Agrigento Sicily Valley of the Temples

AGRIGENTO AND THE VALLEY OF THE TEMPLES

on
February 16, 2016

The other day I read that the almond trees in Agrigento were in blossom and my thoughts returned to the marvelous archeological zone near the city called the Valley of the Temples. The name always struck me as odd because the famous Greek temples are high on a ridge overlooking the sea a few miles away. But there are temples galore.
The almond blossoms had fallen by the end of May last year when we were there and the trees were laden with green almonds.

 Ancient contorted olives trees add to the beauty of the scene.

The area was settled by Greeks around 580 B.C. and followed the same pattern of conquest and culture as most locations in the area: Romans, Byzantines, Arabs, Normans and the rest. The Greek temple builders named it Akragas. The name changed over time until 1927 when Mussolini decided that it should be Agrigento.

We began our walk at the top of the hill on a hot day to traverse the Via Sacra which parallels the remains of the original city walls, honeycombed in places with the remains of Byzantine tombs.

The first golden-hued temple is the Temple of Hera of which not much remains but lonely pillars reaching toward the sun.

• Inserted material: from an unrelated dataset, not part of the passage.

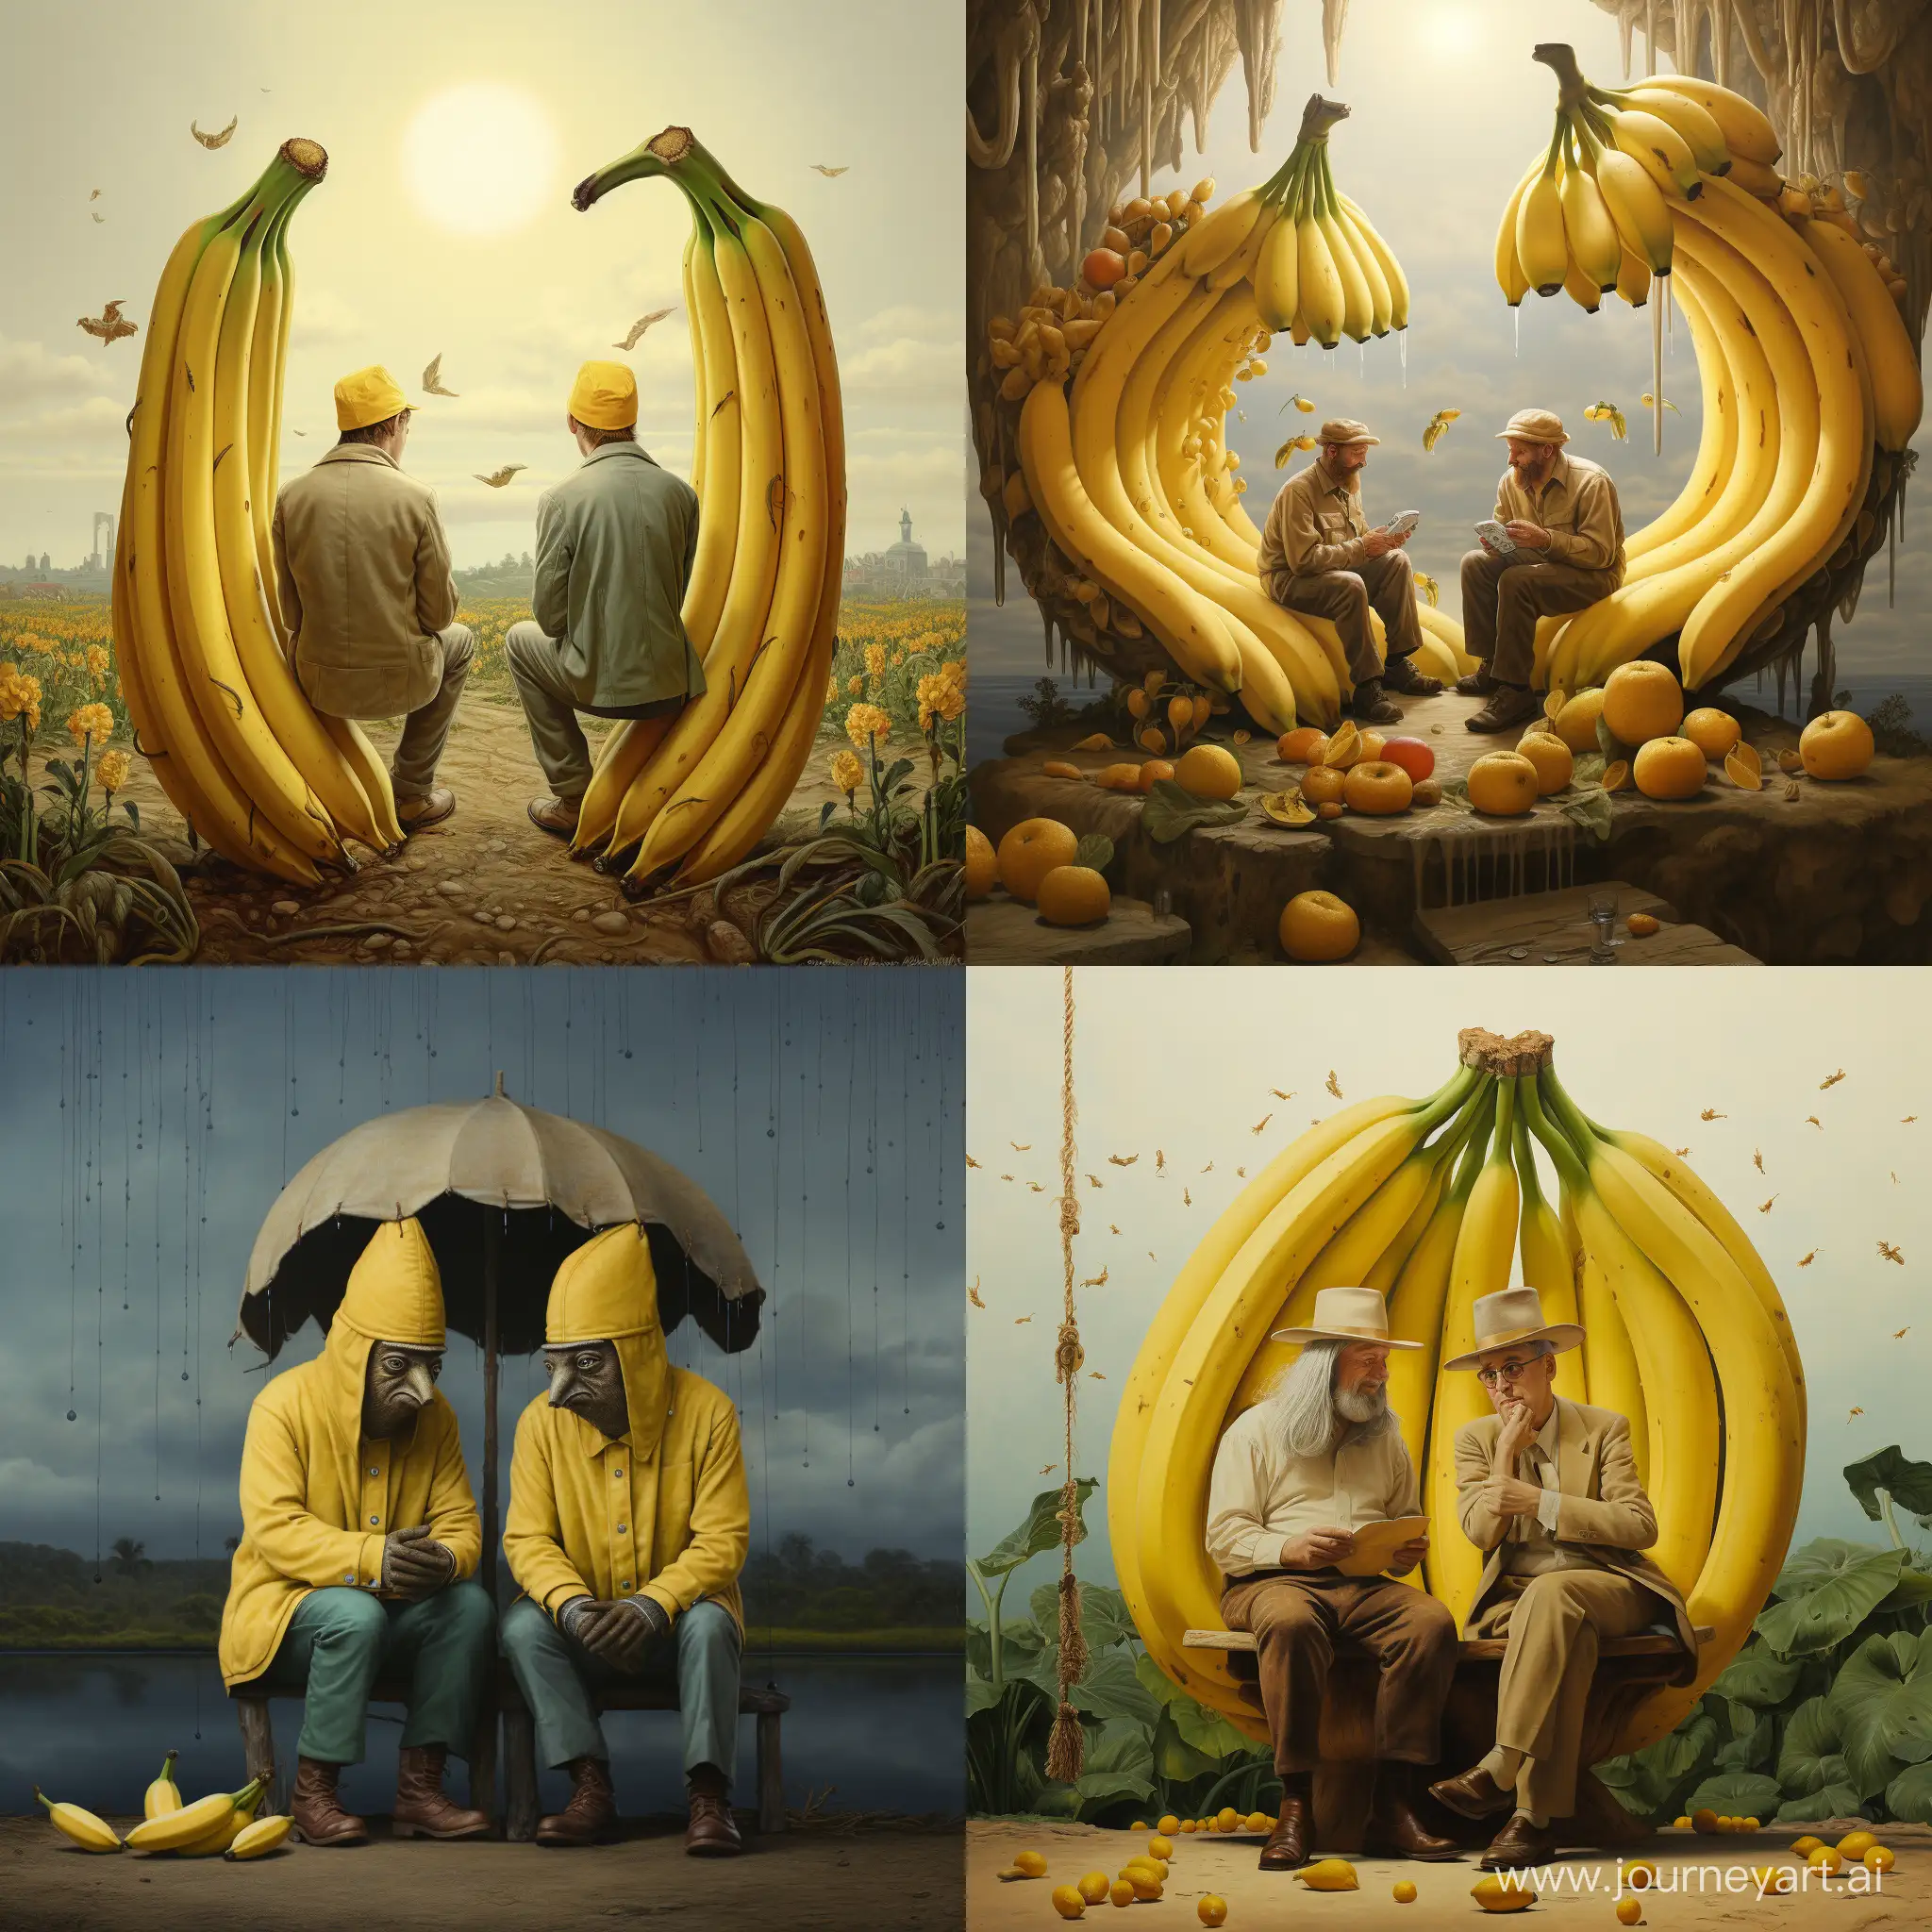 Philosophical-Banter-Two-Bananas-Engaged-in-a-Lifes-Meaning-Debate
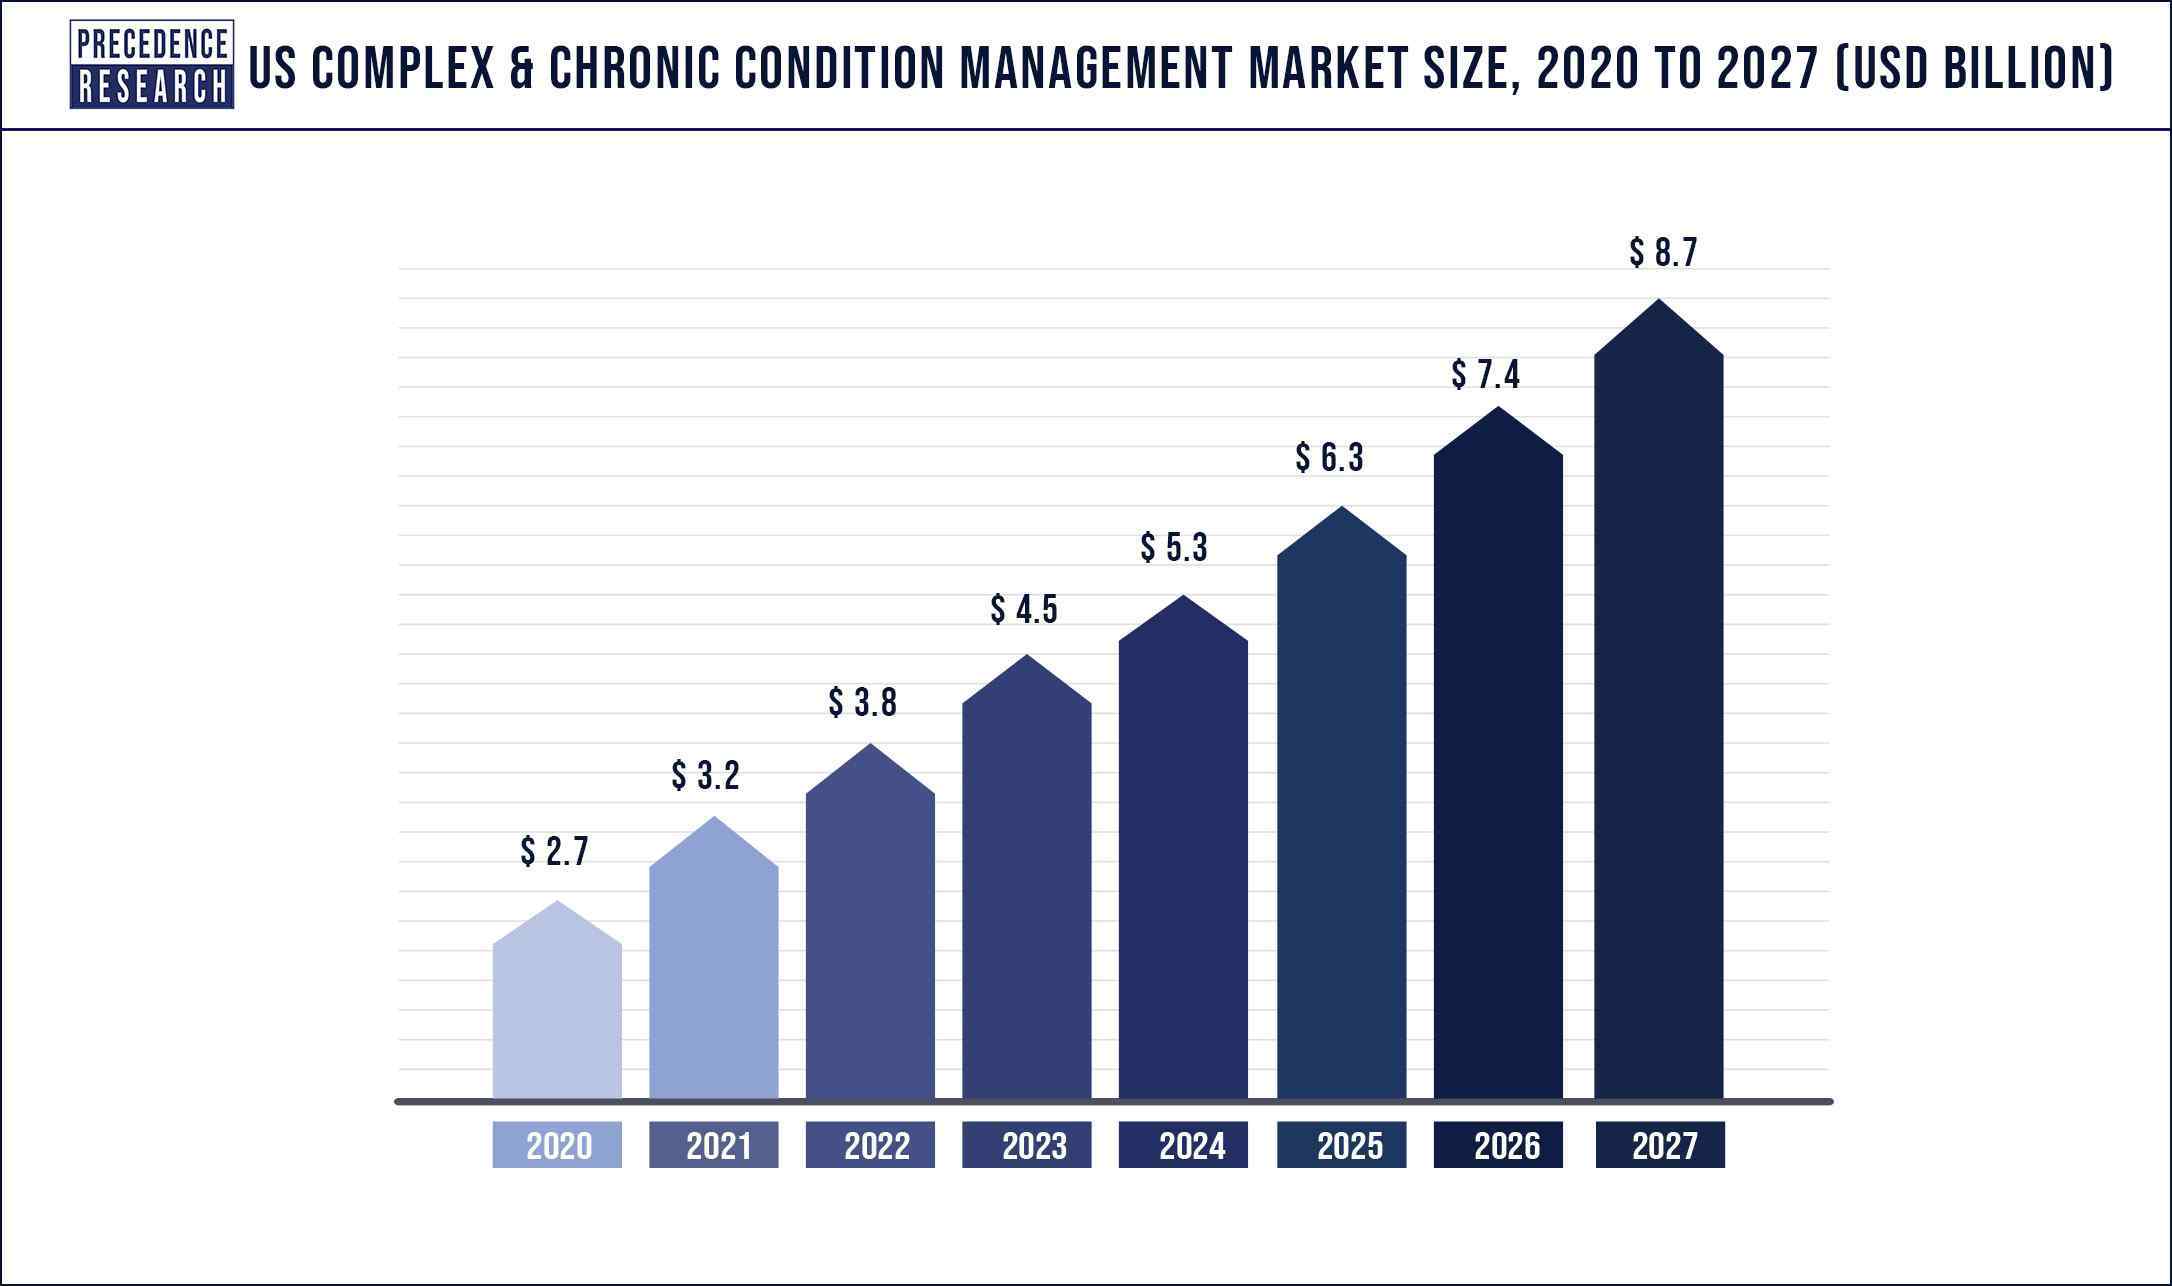 U.S. Complex and Chronic Condition Management Market Size 2020 to 2030

Next is the magnificent Temple of Concord, the best preserved of all Greek temples outside of one in Athens. It was supposedly named Concord in honor of couples who came to worship on their wedding day to ensure a peaceful marriage. The temple owes its state of preservation to the oddly named 6th century bishop of Agrigento, Saint Gregory of the Turnips, and was only restored in the 18thcentury. I thought the tourists should be wearing Greek-style clothing like those on painted vases to complete the picture.

Nearby, a bronze statue of Icarus by Igor Mitoraj lies on the ground as if he had just tumbled from the sky when the sun melted the wax that held his wings together. Beware of flying too close to the sun as his father, Daedalus, the legendary founder of Akragas, warned. The statue seems a perfect foil to the temples, stripped bare of their ornamentation but still standing defiant after 2500 years while the heedless Icarus died. What buildings of our day will last that long or will some of ours fall to earth for failure to heed warnings?

The nearby Villa Aurea has a memorial to a Captain Alexander Hardcastle in the courtyard. He showed up in 1921 to provided money for excavations in the area and restored the villa as his home. He lived there with his brother until he went broke and died in an insane asylum. The villa is now used for exhibitions but I dreamed of living there in the midst of all this beauty.

The Temple of Herakles is a heap of enormous building blocks, and following that is the remains of the Temple of Olympian Zeus, once the largest Doric-style temple in the Greek world. Not much is left but a few columns and a gigantic statue (telemone), one of many that once stood along the sides of  the building. All but this one and one in the museum, now swept away by time and history.

As we left the Via Sacra portions of a temple called Castor and Pollux shimmered in the sun. The only guard was a sleeping dog.

The “temple” was in fact erected in 1836 from leftovers, and despite its unauthentic provenance, it is the perfect vision of the romanticism of the Classical world. and the symbol of the city.

The wonderful archeological museum contains the finds from the temples along with finely painted Greek vases, statuary and marvels from the Romans and Byzantines who all had their day in the sun but ultimately fell to earth.